- _WORK ITEM_
None of the pictures should be copied, though every line of the listing must be printed exactly.

== SOURCE DATA ==

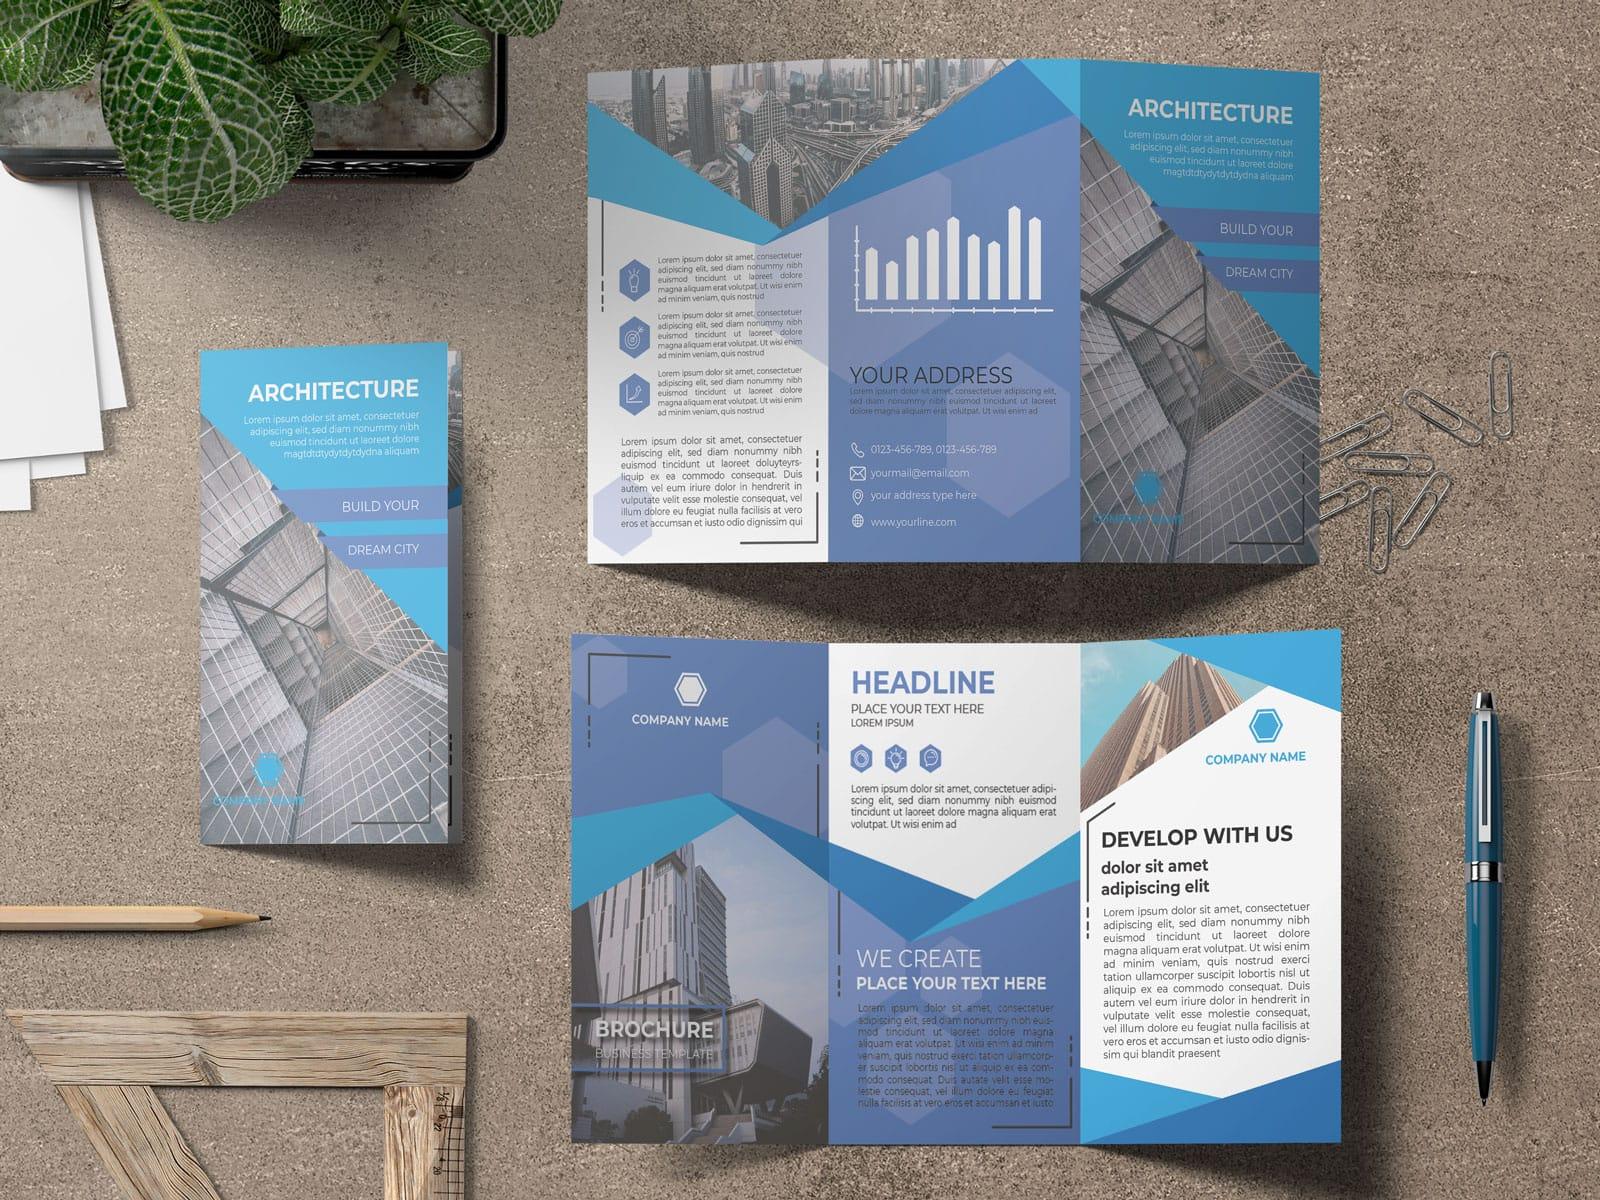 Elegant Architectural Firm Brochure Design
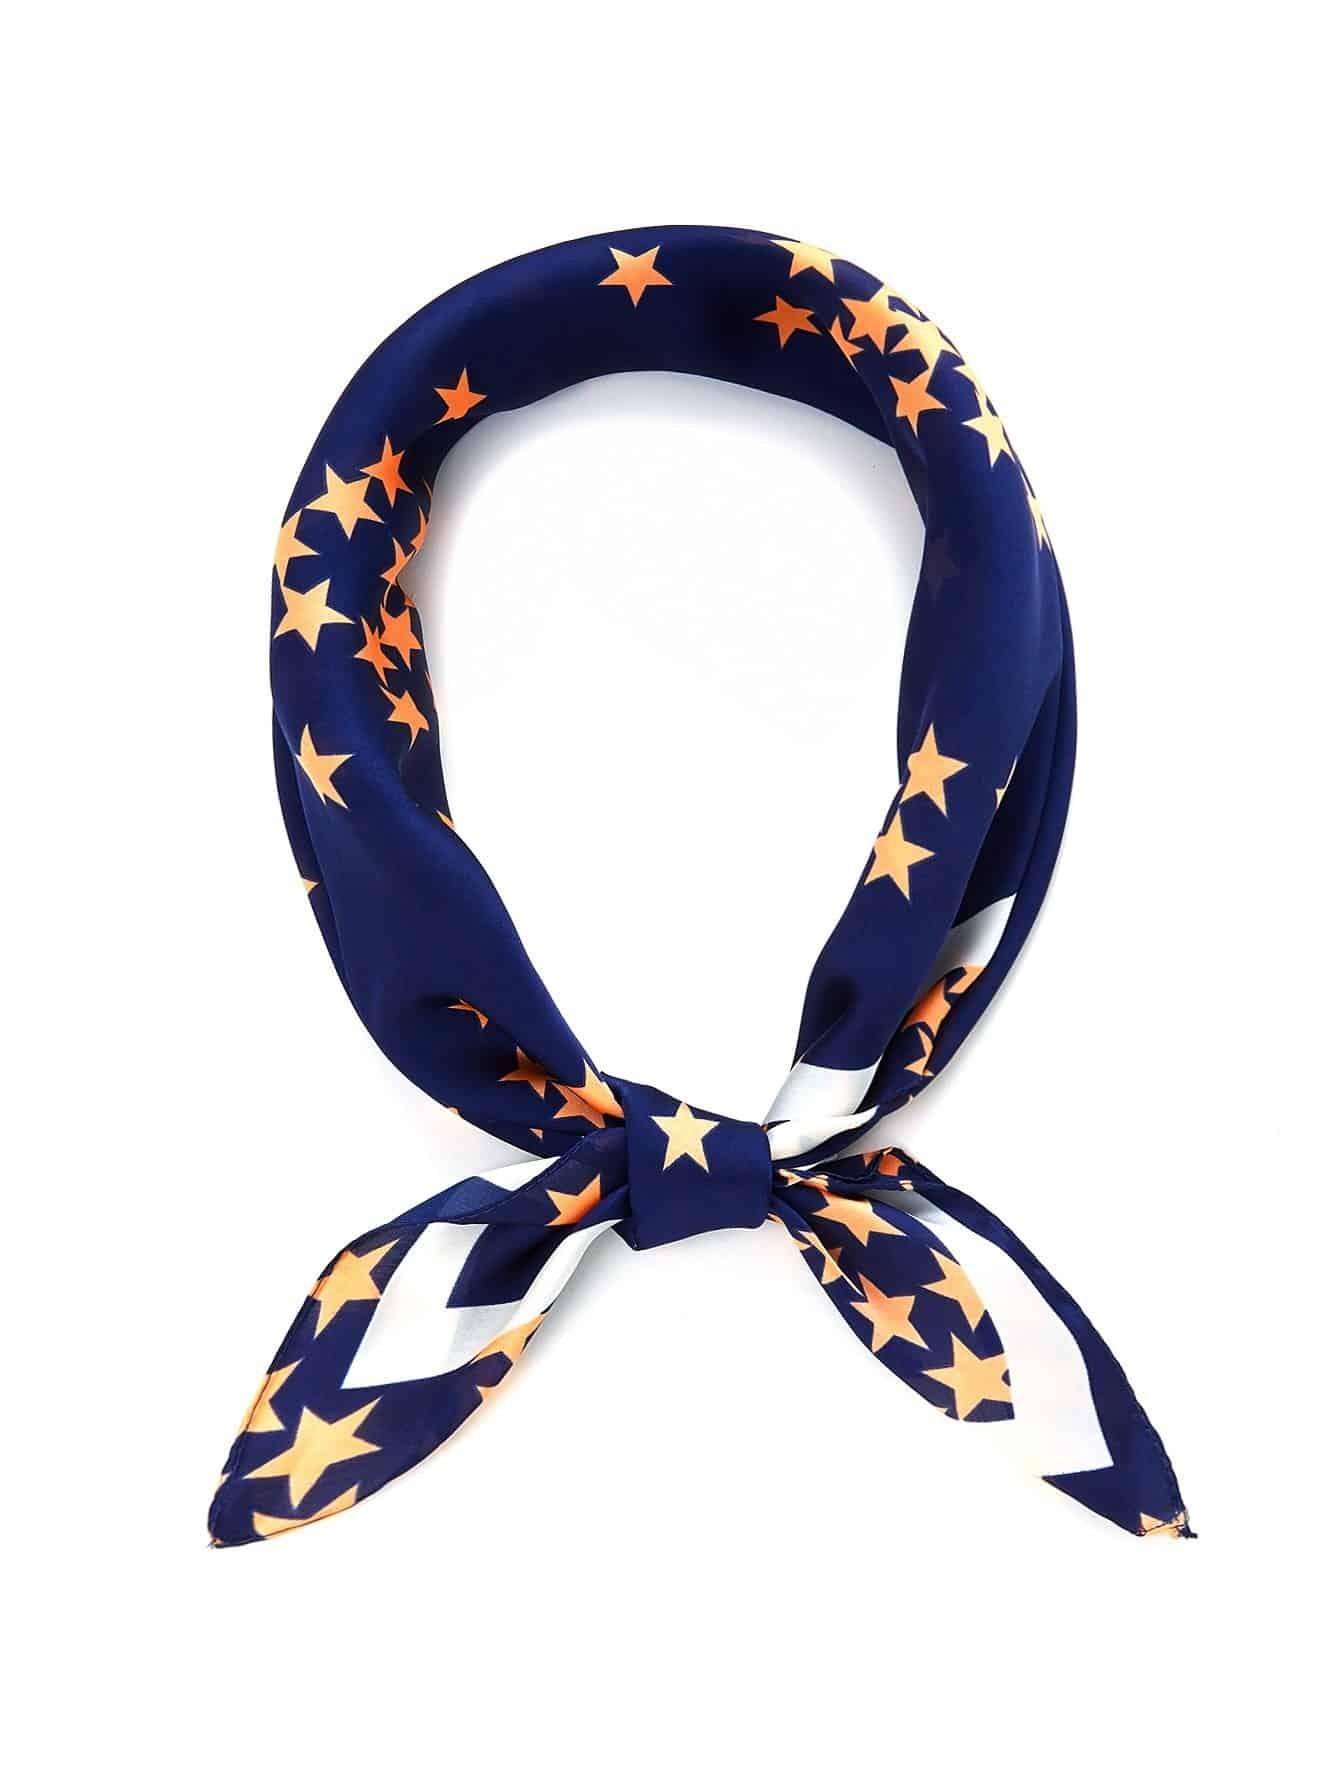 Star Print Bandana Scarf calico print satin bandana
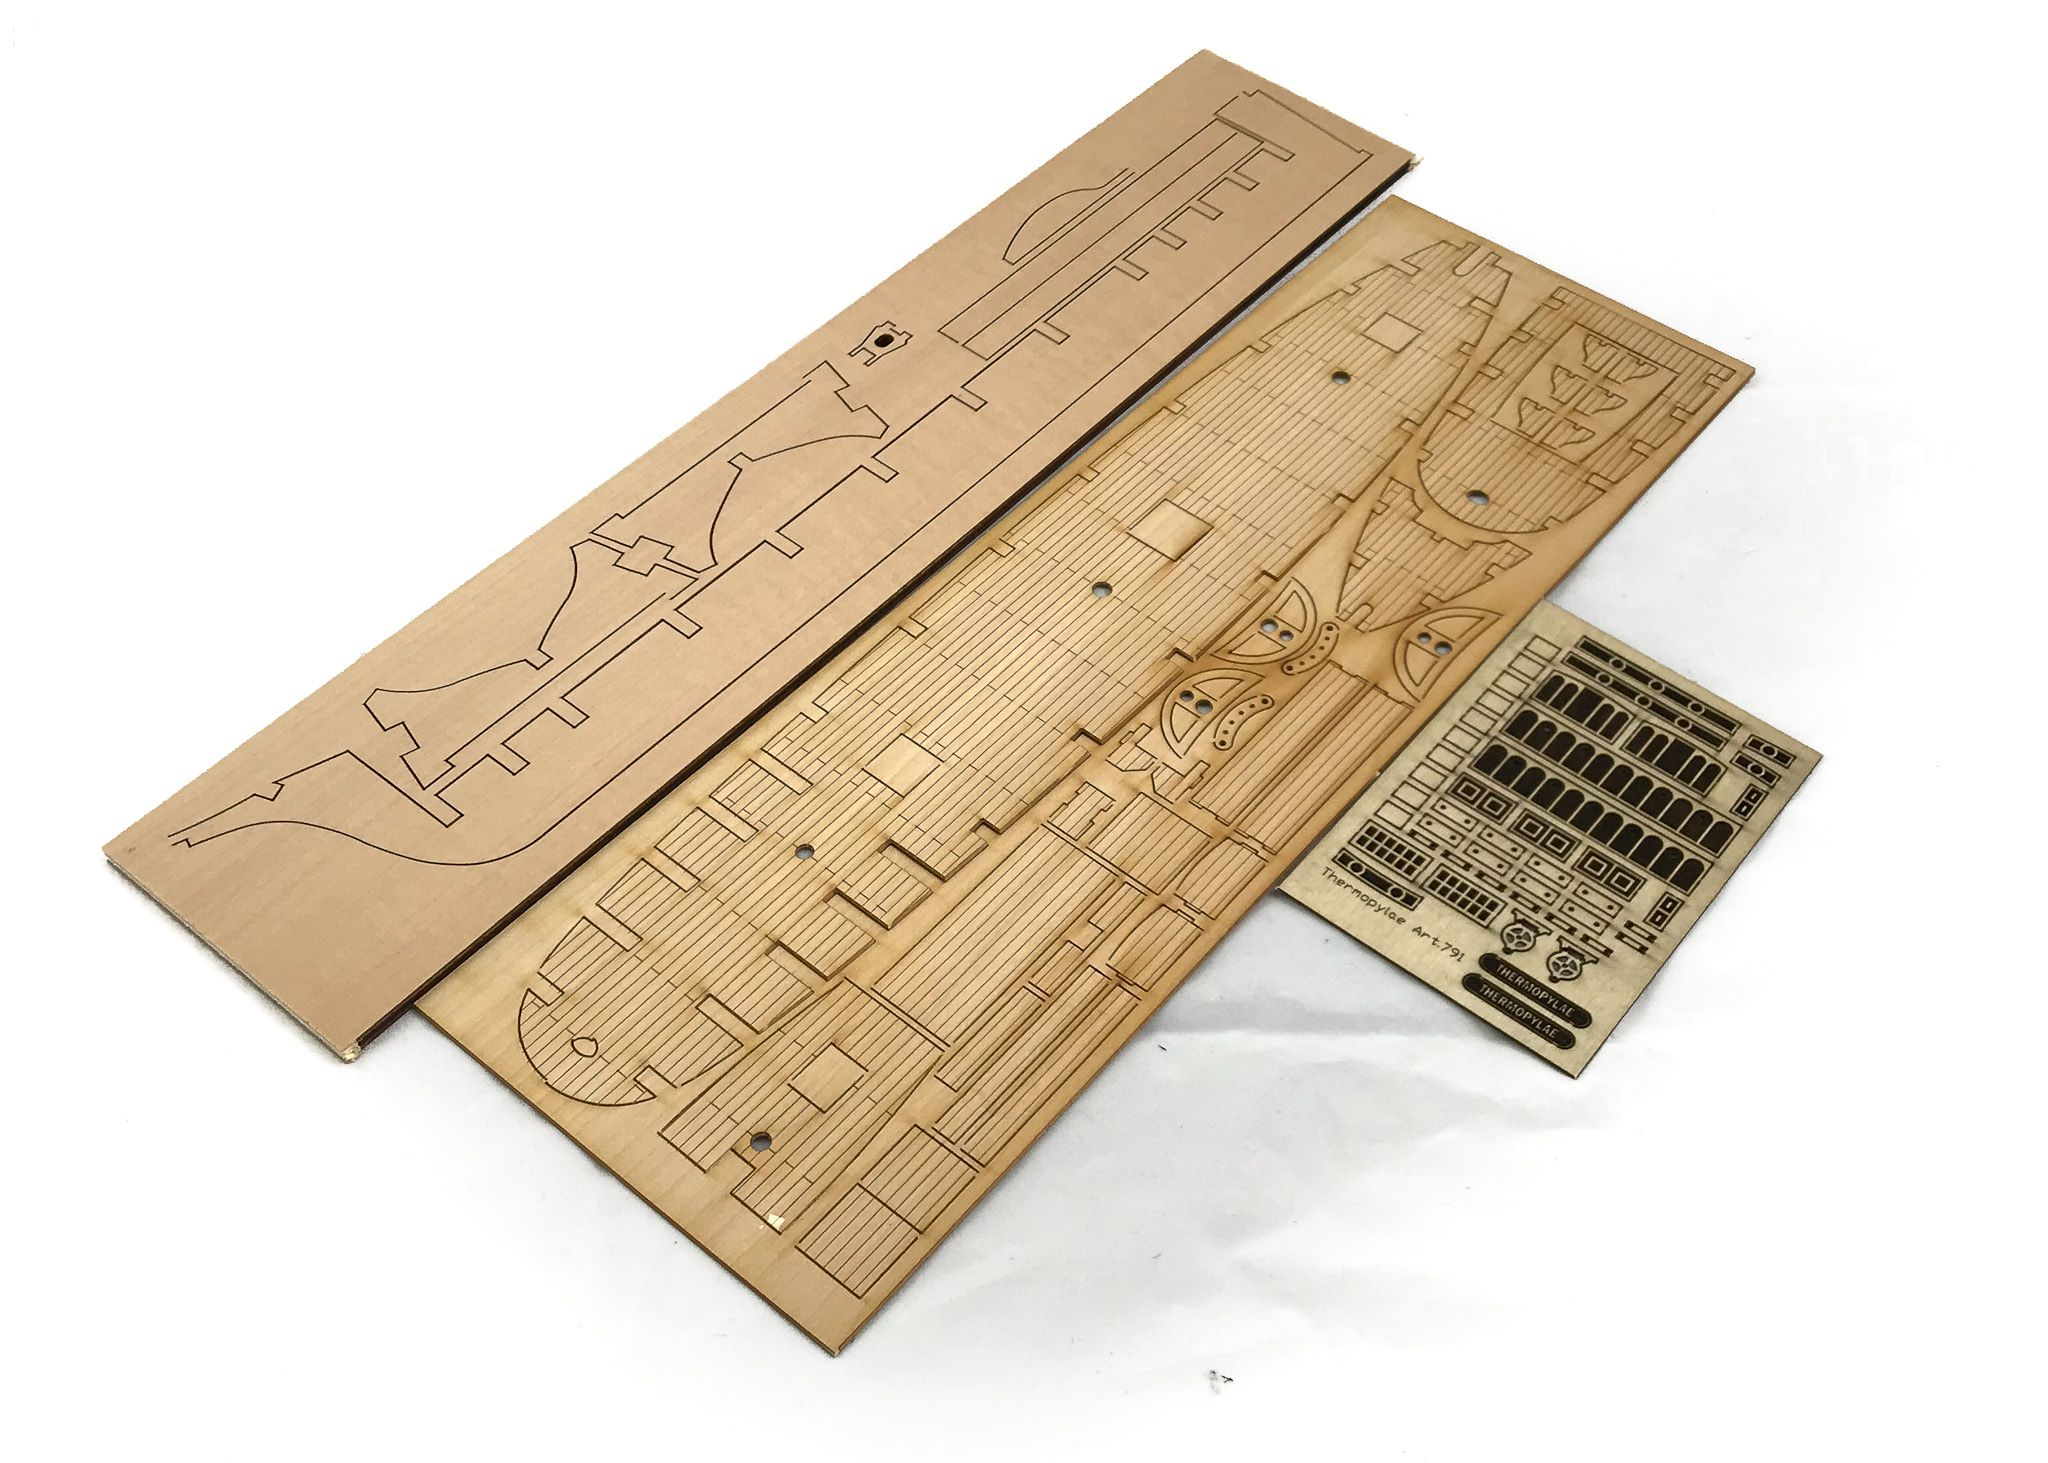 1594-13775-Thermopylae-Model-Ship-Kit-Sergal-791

===

- _OUTPUT BELOW_
 Elegant Architectural Firm Brochure Design
 Star Print Bandana Scarf calico print satin bandana
 1594-13775-Thermopylae-Model-Ship-Kit-Sergal-791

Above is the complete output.